Francis was granted an additional 350,000 shares.
On
September 4, 2008, Apollo Medical Management, Inc. executed an employment
agreement with Jilbert Issai, M.D., to provide services as Senior Vice
President. The agreement is for an initial one-year term with provision for
successive one-year periods.

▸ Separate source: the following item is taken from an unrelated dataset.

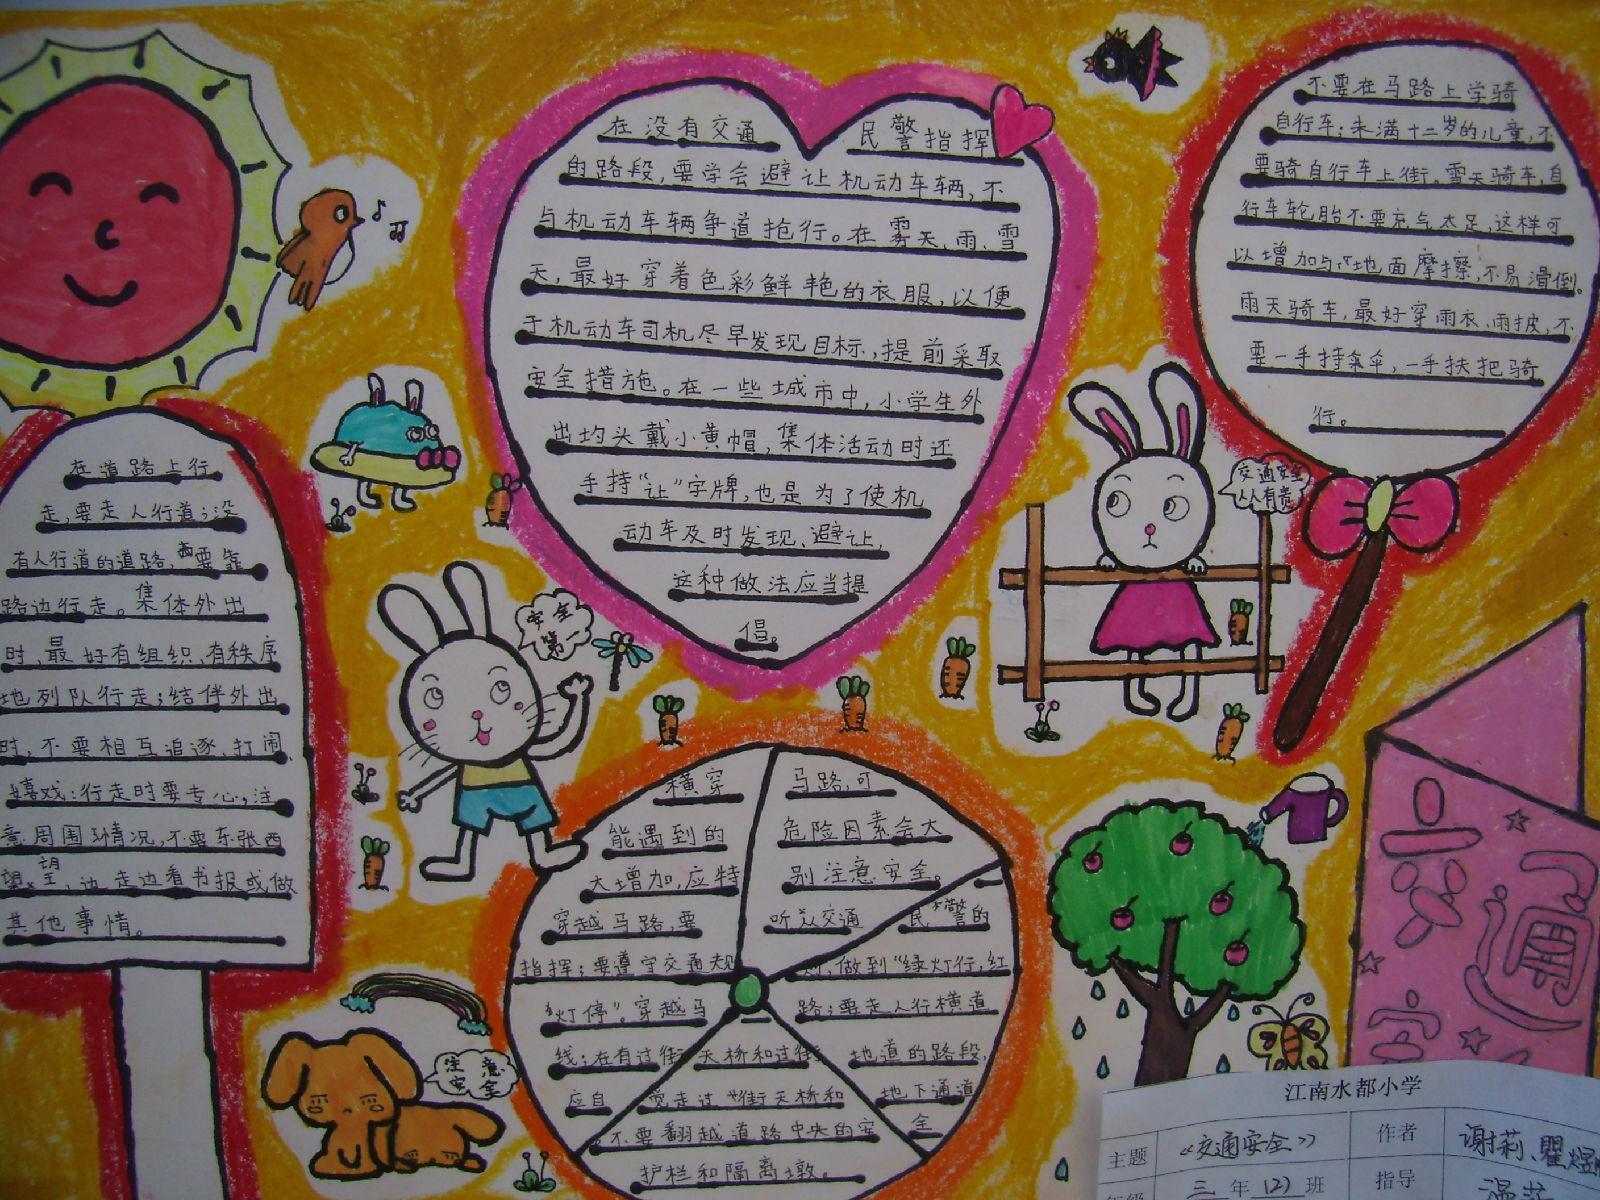 5068儿童网  书香校园手抄报内容,书香校园手抄报资料,关于书香校园的

Under the agreement, Doctor Issai is entitled to a
nominal salary and may be granted options to purchase an aggregate of 300,000
shares of the Company’s common stock at an exercise price of $.10 per share when
and if the Company is to adopt a stock compensation plan.
On
October 27, 2008, the Company entered into a Board of Director’s Agreement with
Suresh Nihalani. The Company will issue a stock award of 400,000 shares to Mr.
Nihalani, under the terms of the Director’s Agreement, which shares will be
issued ratably over a thirty-six month period commencing December 2008. The
shares will be released to Mr. Nihalani on a monthly basis during his tenure as
a Director. The distribution of shares will continue as long as Mr. Nihalani
serves on the Board, but will cease when Mr. Nihalani is no longer is a
Director. Mr. Nihalani was issued 11,111 shares under this agreement in the year
ended January 31, 2009 and an additional 144,443 shares in the year ended
January 31, 2010.
The
Company received a claim for $250,000 relating to amounts purportedly owed by
the Company as a result of the initial reverse acquisition transaction. This
dispute relates to the initial letter dated June 3, 2008. The terms of the
letter of intent call for, among other things, the payment of cash of $250,000
within 60 days of closing. The letter of intent states, however, that it is
intended to serve as a memorandum of the Parties current discussions, and that a
definitive transaction agreement will follow. The letter of intent further
states that both parties acknowledge that all provisions of the letter of intent
are non binding, and that no contract or agreement providing for a transaction
shall be deemed to exist unless and until a final agreement has been negotiated
and executed. The final merger agreement that was executed contains a clause
that it is the “entire agreement” and thus supersedes all previous agreements
including the letter of intent; moreover, management contends that there are no
additional amounts owed under the final merger agreement. The Company has not
accrued for any amount asserted in the above claim as the attorney of the
Company has advised that the claim is in its early stage and the outcome of this
matter could not be predicted at this stage.